> WHAT YOU ARE ASKED TO DO
What are the lines, word for word, from the line with "Funfair in Dublin" up to and including the line with "The Hoxton Restaurant Website" in the records below? Omit the pictures.

> RECORDS SUPPLIED
[Start of section]

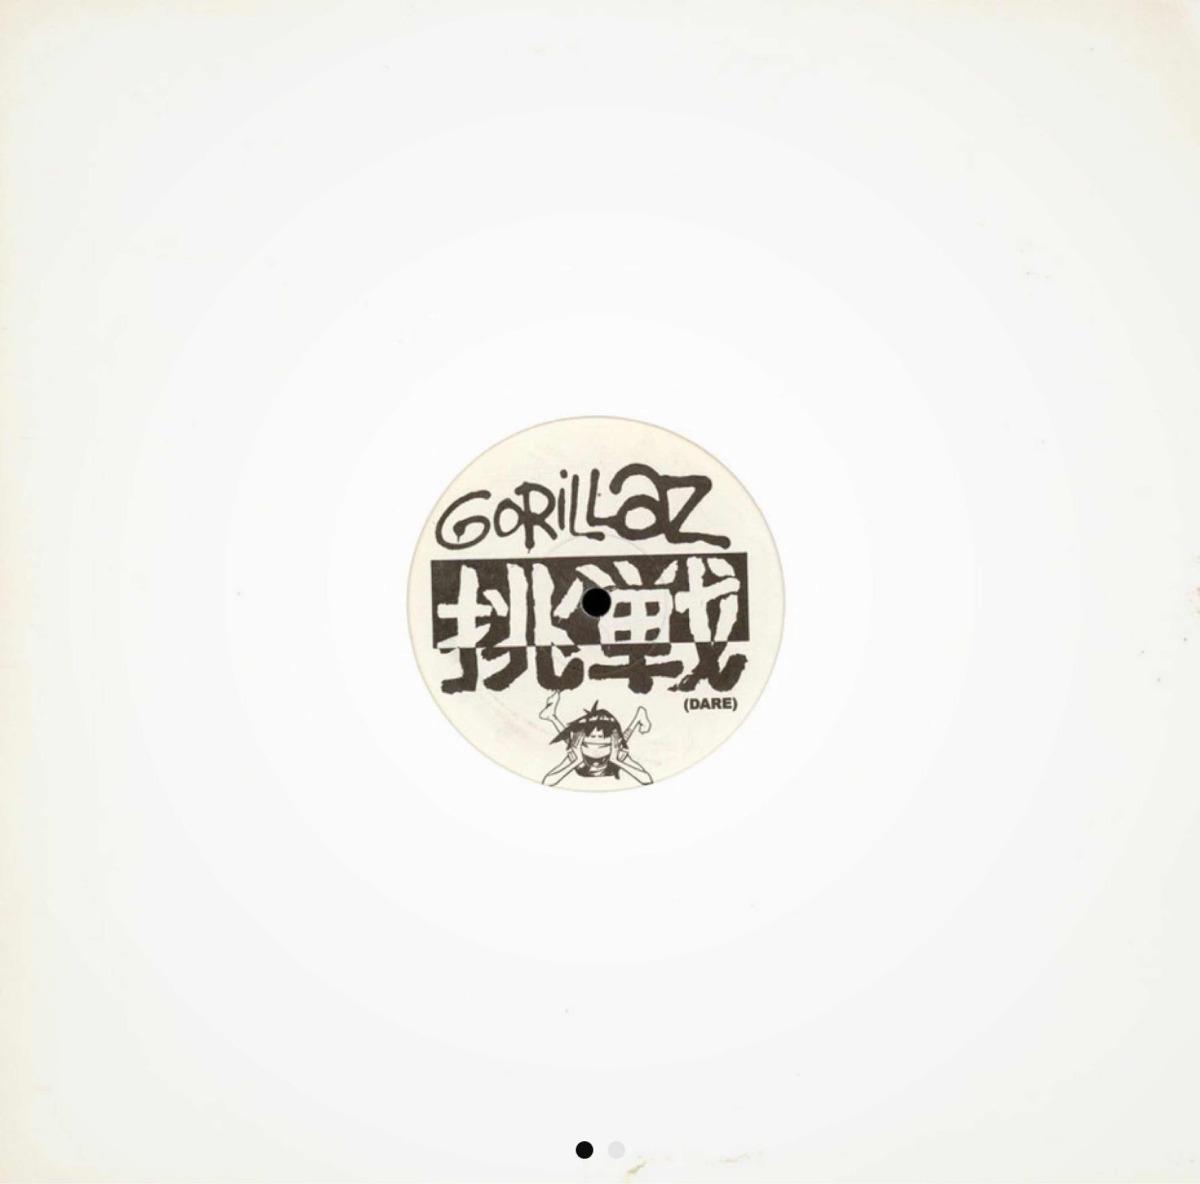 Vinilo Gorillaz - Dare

[End of section]
[Start of section]

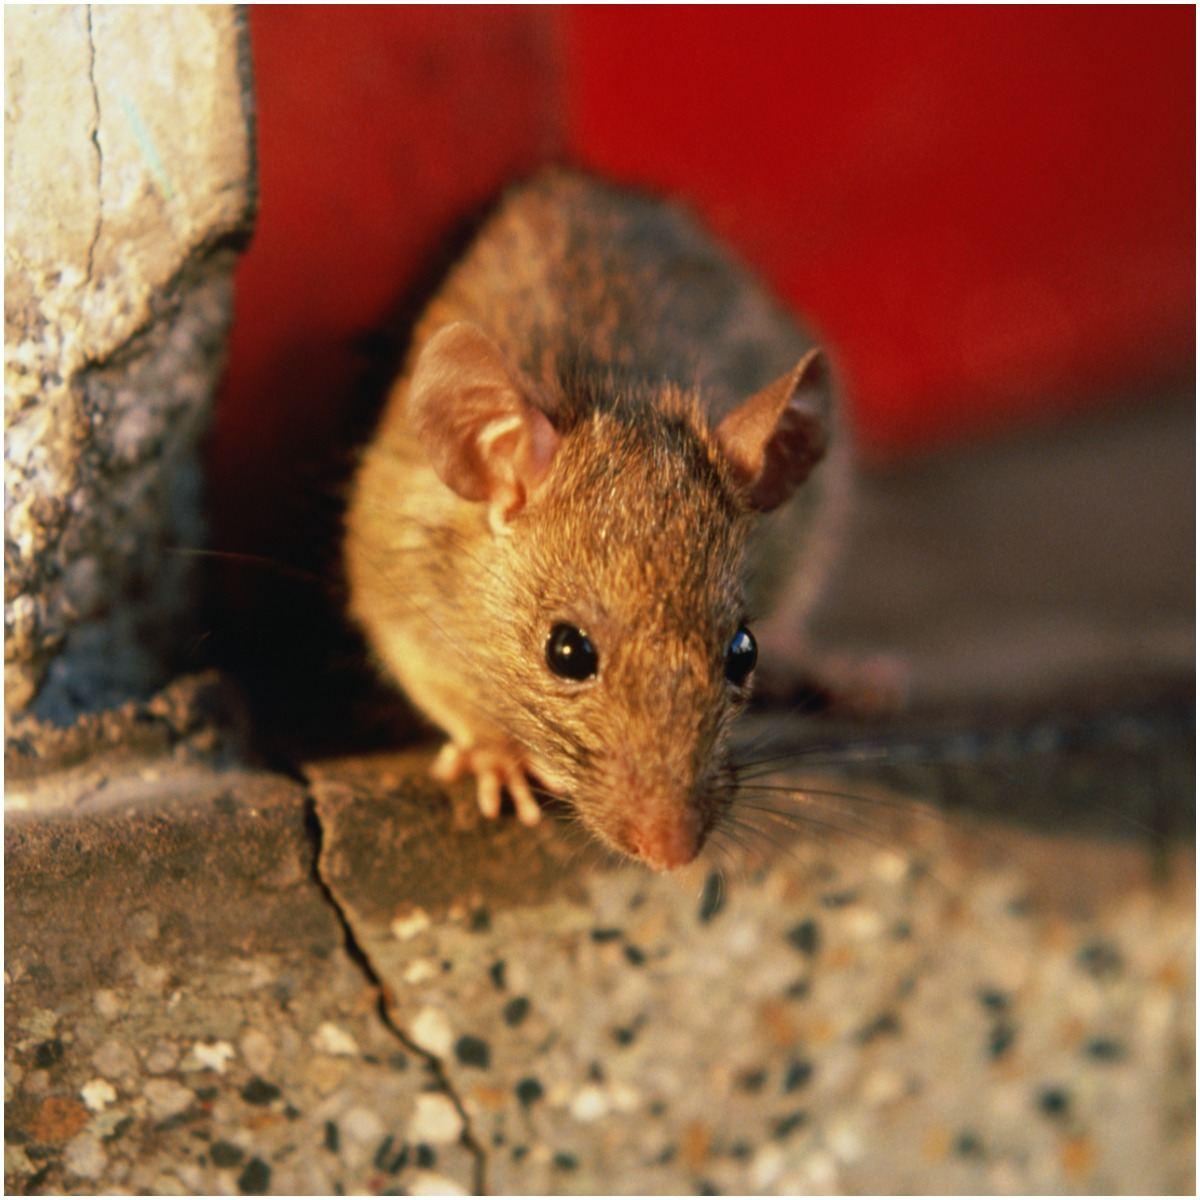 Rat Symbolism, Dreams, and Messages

[End of section]
[Start of section]

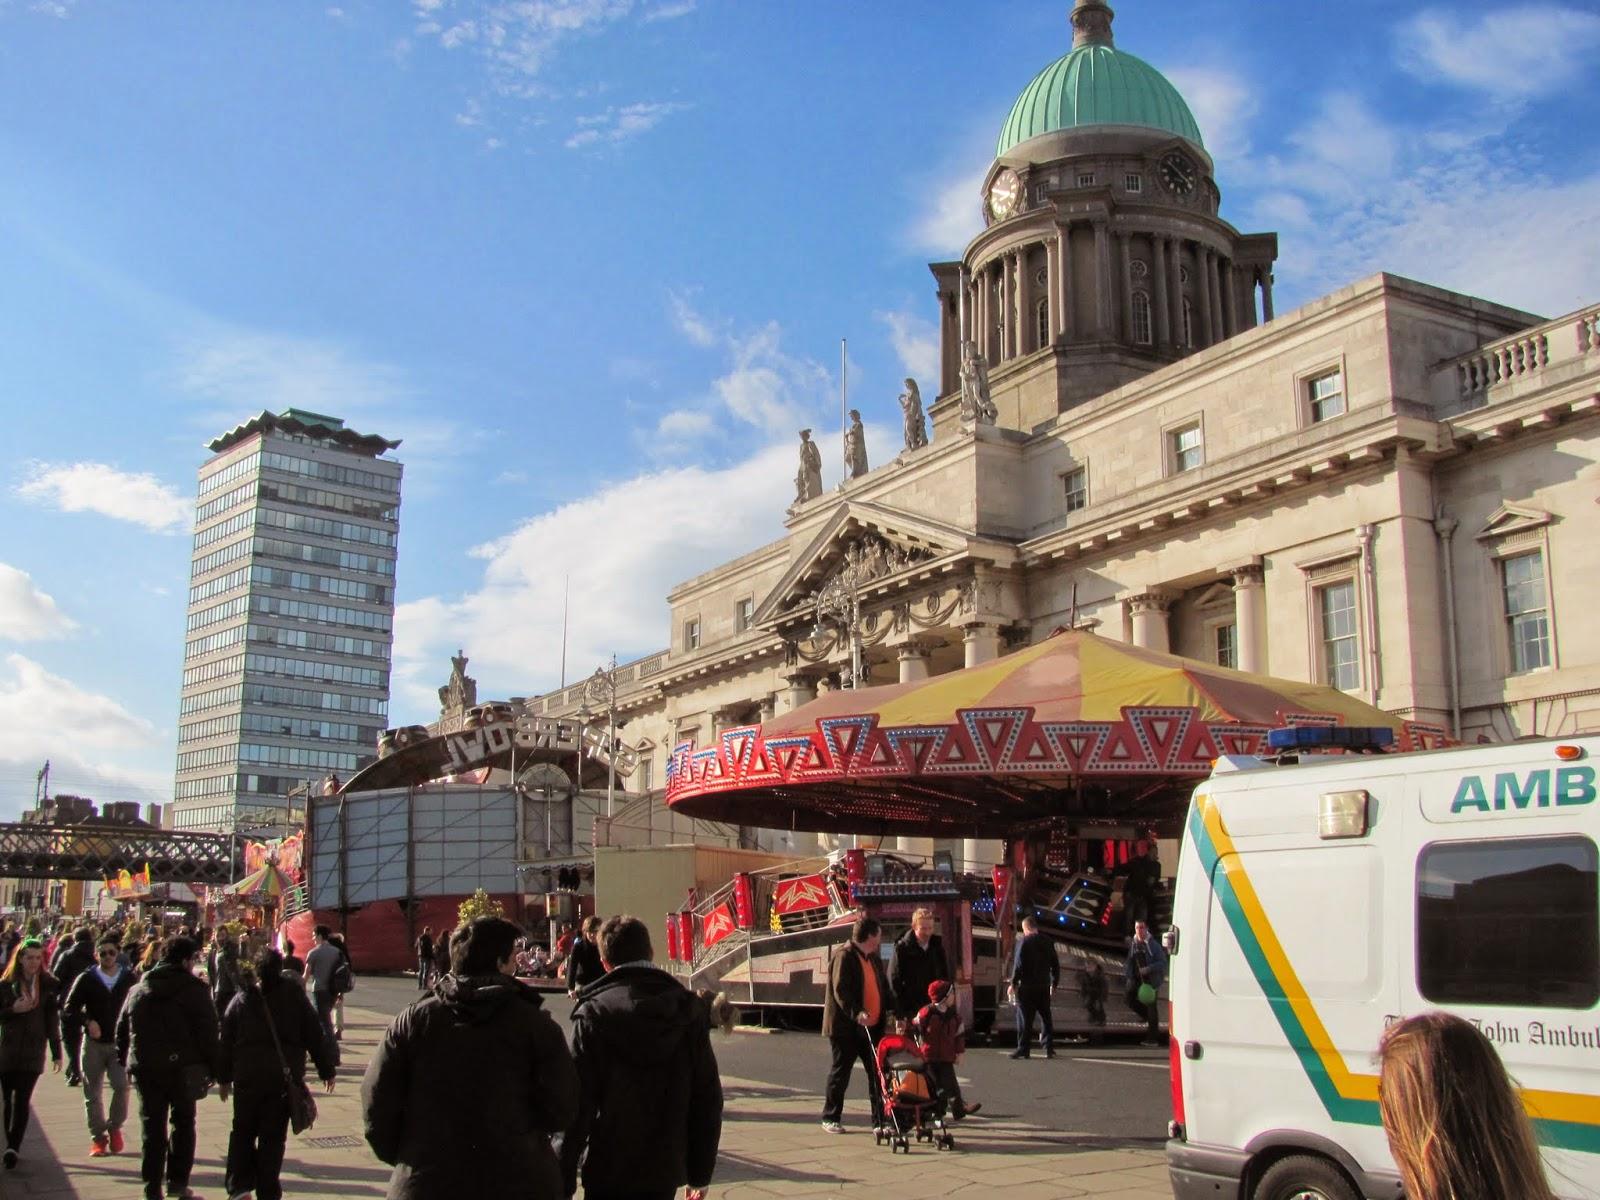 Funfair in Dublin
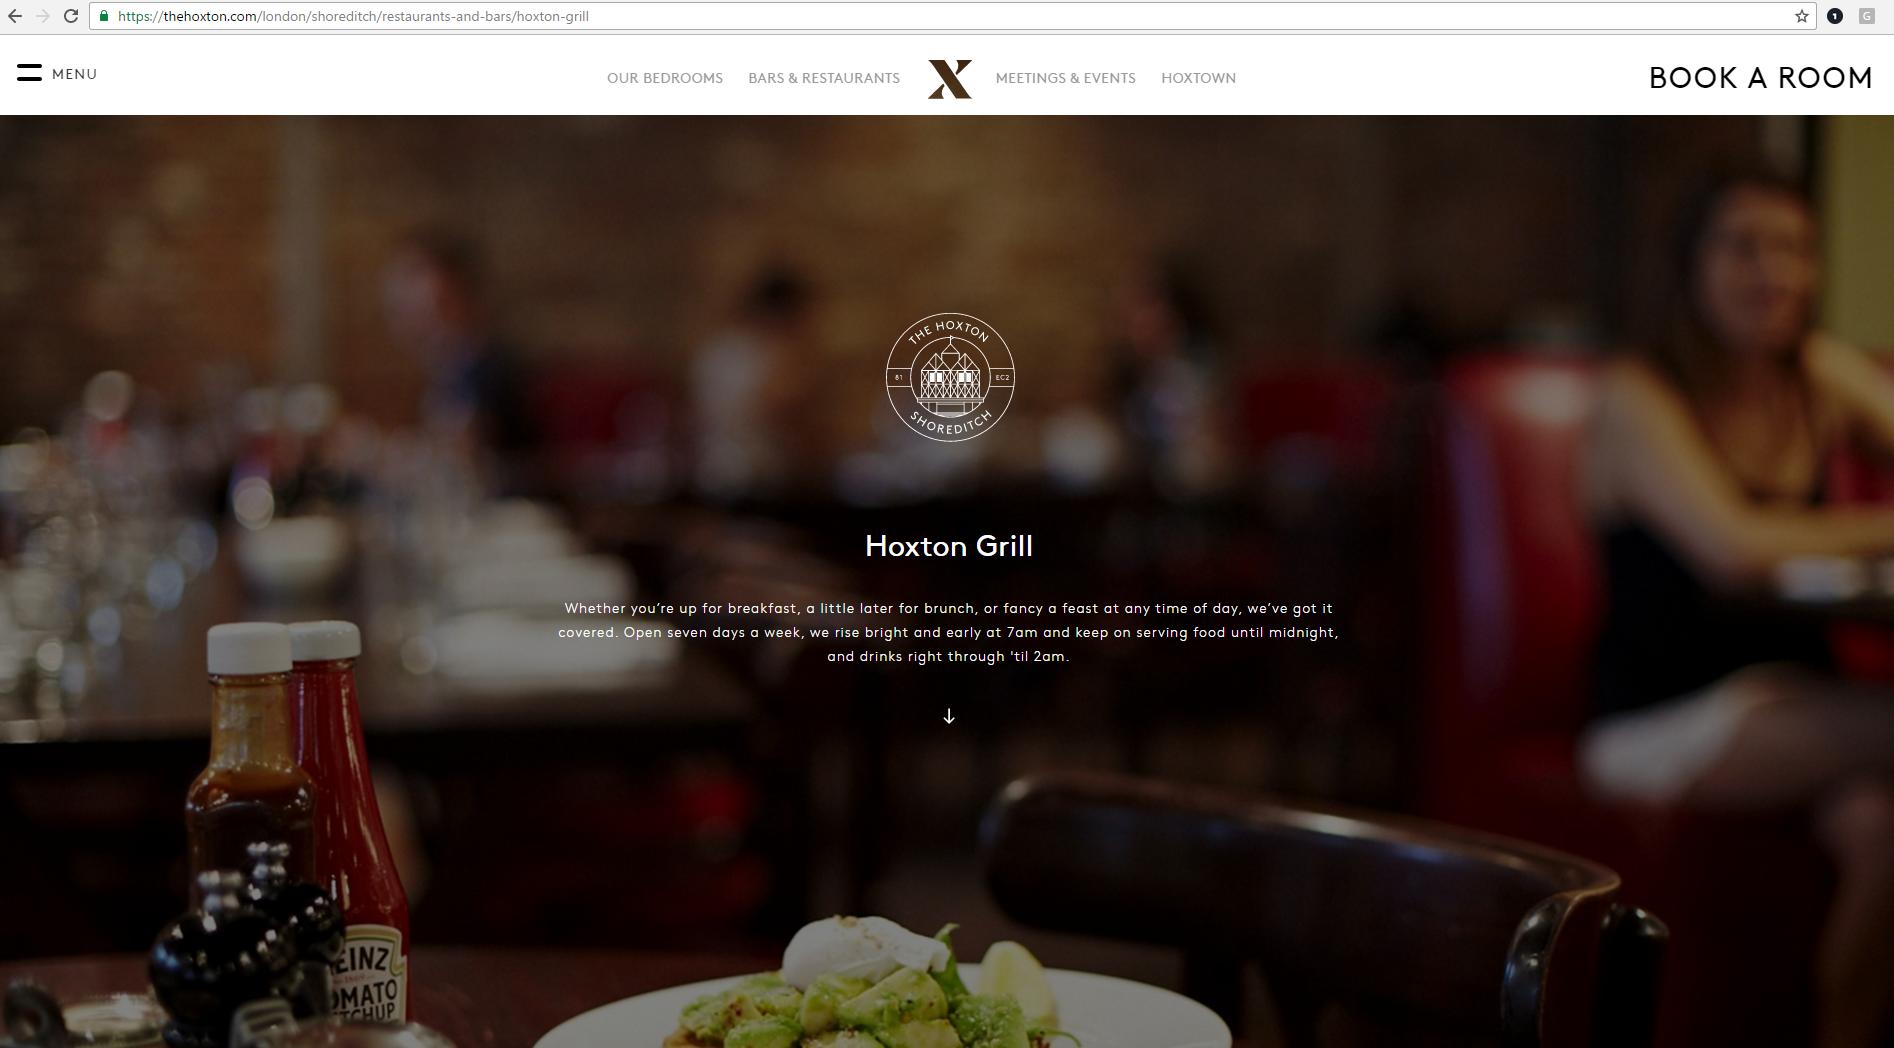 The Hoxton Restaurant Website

[End of section]

> ANSWER BELOW
 Funfair in Dublin
 The Hoxton Restaurant Website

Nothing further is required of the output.